A corrida pelo desenvolvimento de veículos autônomos entrou em uma nova fase, marcada por uma guinada radical tanto na arquitetura de inteligência artificial quanto na estratégia comercial. Em entrevistas recentes, Alex Kendall, CEO da britânica Wayve, e Raquel Urtasun, CEO da Waabi, detalharam como suas startups conseguiram atrair rodadas de investimento superiores a US$ 1 bilhão cada. A tese compartilhada por ambas repousa em dois pilares: o uso intensivo de "modelos de mundo" (world models) baseados em IA de ponta a ponta e a decisão de atuar estritamente via licenciamento de software para montadoras globais. Essa abordagem asset-light desafia frontalmente o paradigma estabelecido na última década, que priorizava a verticalização extrema — seja fabricando os próprios automóveis ou operando frotas proprietárias hiperlocalizadas.

A Aposta nos Modelos de Mundo

A base tecnológica dessa nova geração é o aprendizado de máquina de ponta a ponta. Kendall afirmou que a Wayve foi pioneira nessa abordagem em 2017, quando o método era amplamente ignorado pela indústria, começando com um modelo de mundo de apenas 20.000 parâmetros. Ele explica que esses modelos funcionam como simuladores avançados que preveem o futuro a partir de uma ação no ambiente.

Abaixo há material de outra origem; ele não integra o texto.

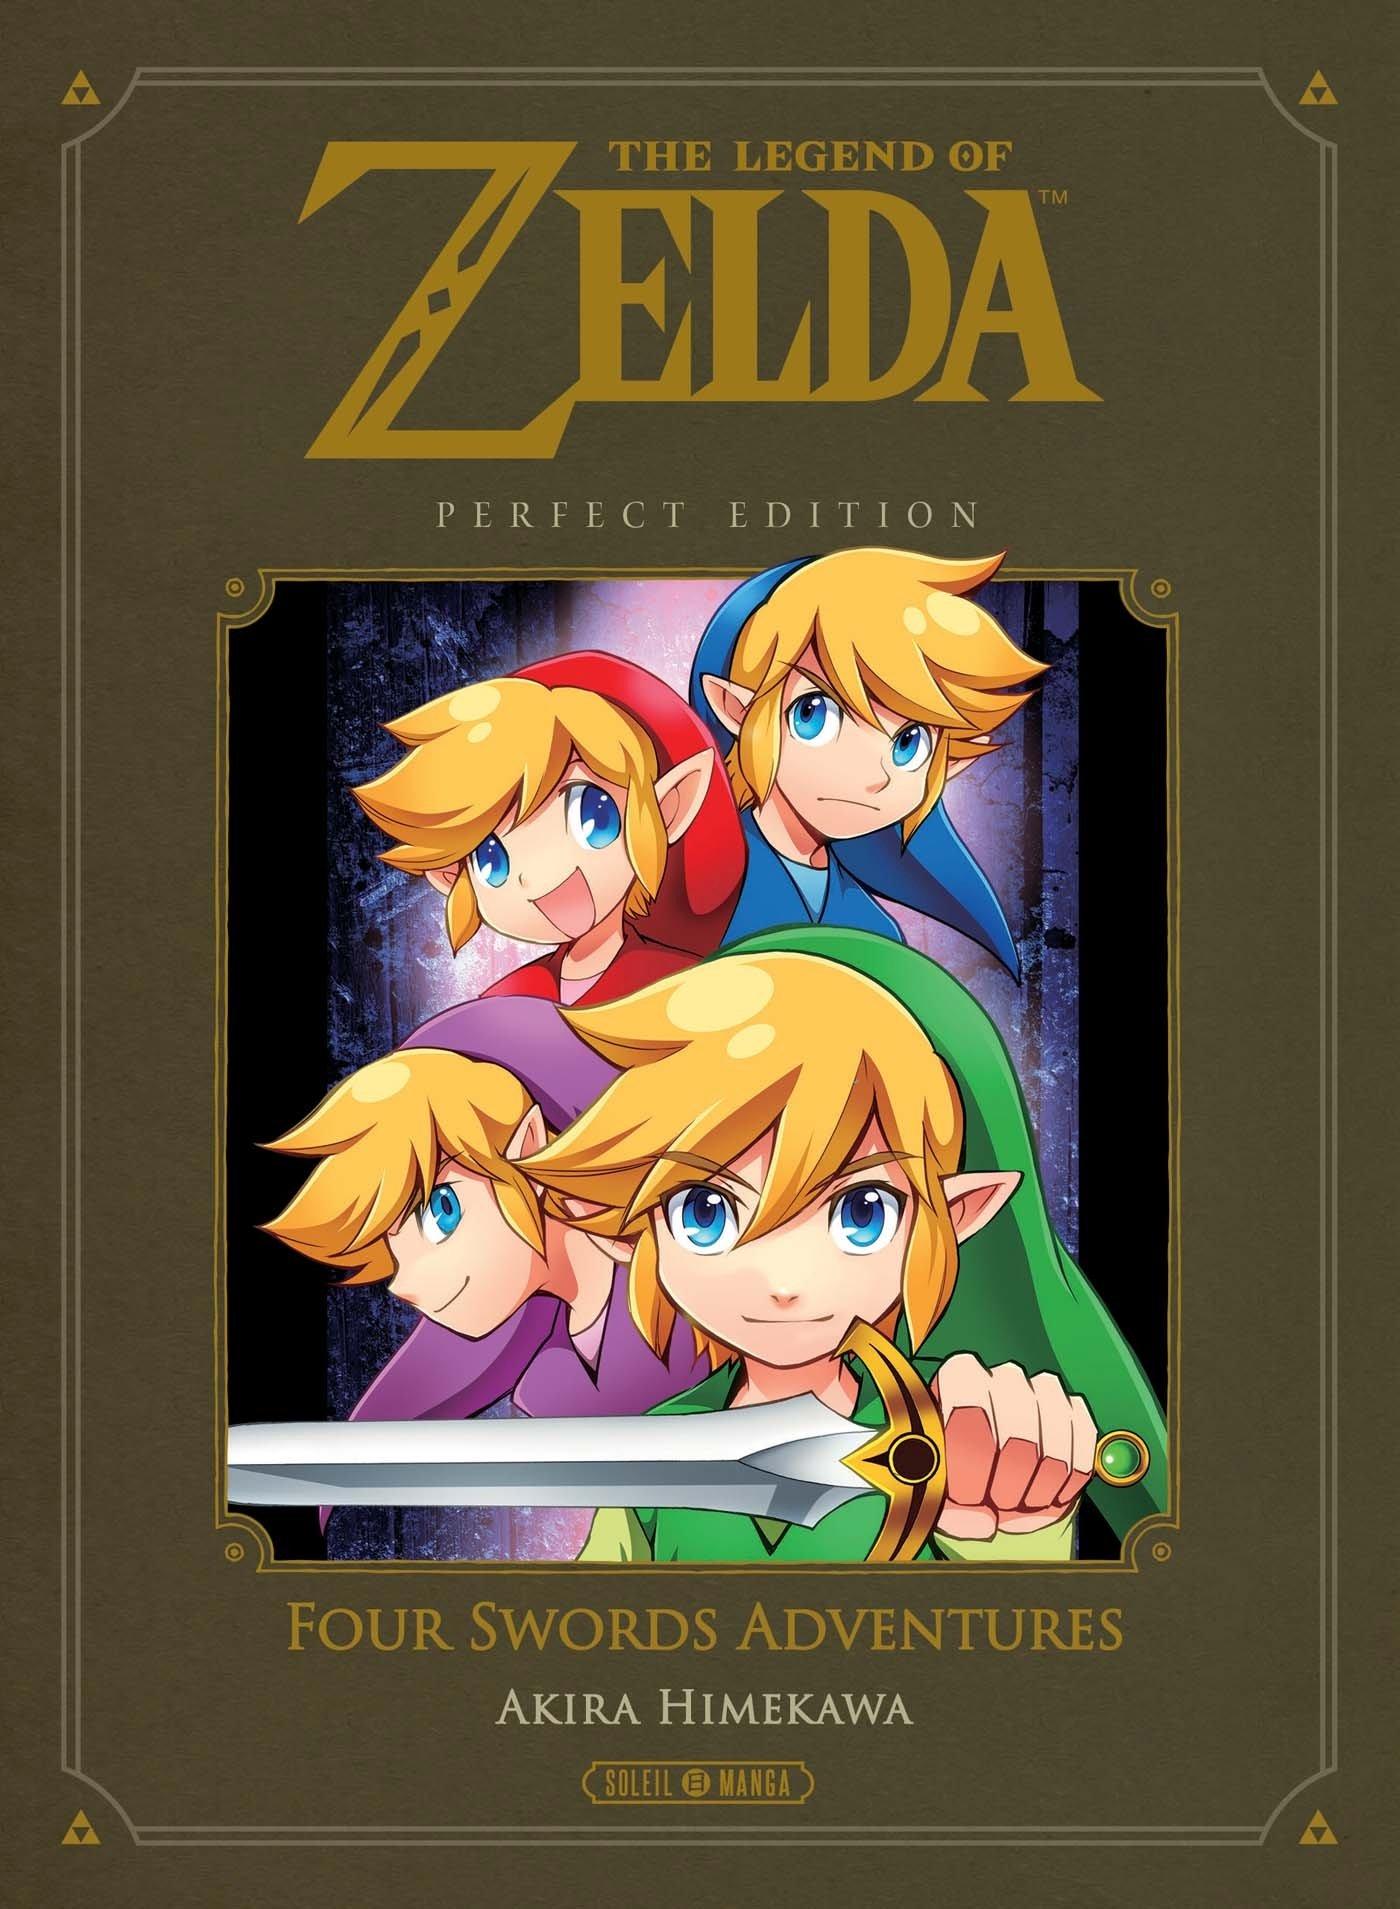 The Legend of Zelda: Four Swords Adventures Manga

Isso permite que o sistema aprenda representações do mundo focadas no que realmente importa para a direção — como faixas, meios-fios e semáforos — ignorando elementos irrelevantes, como nuvens no céu ou carros na direção oposta.

Para a Waabi, a lógica de simulação é igualmente central. Urtasun argumenta que a capacidade de criar mundos interativos e altamente realistas permite submeter o software a infinitas situações críticas de segurança sem qualquer consequência no mundo físico. A executiva destacou que essa fundação generativa resulta em uma inteligência capaz de generalizar o aprendizado de forma orgânica. Segundo ela, o mesmo "cérebro" digital desenvolvido pela empresa pode conduzir um caminhão de carga de 80.000 libras em rodovias ou um robotáxi em vias urbanas, eliminando a necessidade de bifurcar o código para diferentes veículos.

Licenciamento Contra a Verticalização

Além da arquitetura técnica, o diferencial dessas startups reside na rota comercial escolhida. Kendall delineou três caminhos práticos para levar a autonomia ao mercado: fabricar veículos próprios de uma única marca, construir frotas proprietárias operando cidade a cidade, ou licenciar o sistema operacional para qualquer montadora. A Wayve optou pelo licenciamento, firmando parcerias com fabricantes como a Nissan, que anunciou planos de integrar a tecnologia em 90% de sua produção futura. O executivo justificou a escolha com base na escala: enquanto existem menos de 10.000 robotáxis operando no mundo hoje, o mercado global produz cerca de 100 milhões de novos carros anualmente.

Urtasun ecoou essa visão estratégica para a Waabi, reforçando de forma categórica que a empresa atua estritamente como provedora de tecnologia. Ela descartou a ambição de se tornar uma montadora, classificando a rota de adaptação física de veículos como ineficiente. Para contexto, a BrazilValley aponta que a recusa em construir hardware isola essas companhias dos gargalos de manufatura e das pesadas margens de capital intensivo que historicamente drenaram os recursos de projetos de mobilidade nos últimos anos. No longo prazo, ambas as lideranças projetam que a monetização desse ecossistema se dará por meio de assinaturas mensais pagas pelos consumidores finais.

As recentes injeções de capital bilionárias sinalizam que os investidores acreditam que o risco puramente científico da direção autônoma foi superado. Como Kendall observou durante a conversa, o desafio atual migrou para a execução de engenharia, integração de produtos e validação regulatória. Ao terceirizar a fabricação das frotas e focar exclusivamente na camada de inteligência, Wayve e Waabi buscam transformar a condução autônoma em um produto de software de escala global, pavimentando o caminho para que a inteligência artificial torne-se a infraestrutura invisível da próxima geração de mobilidade.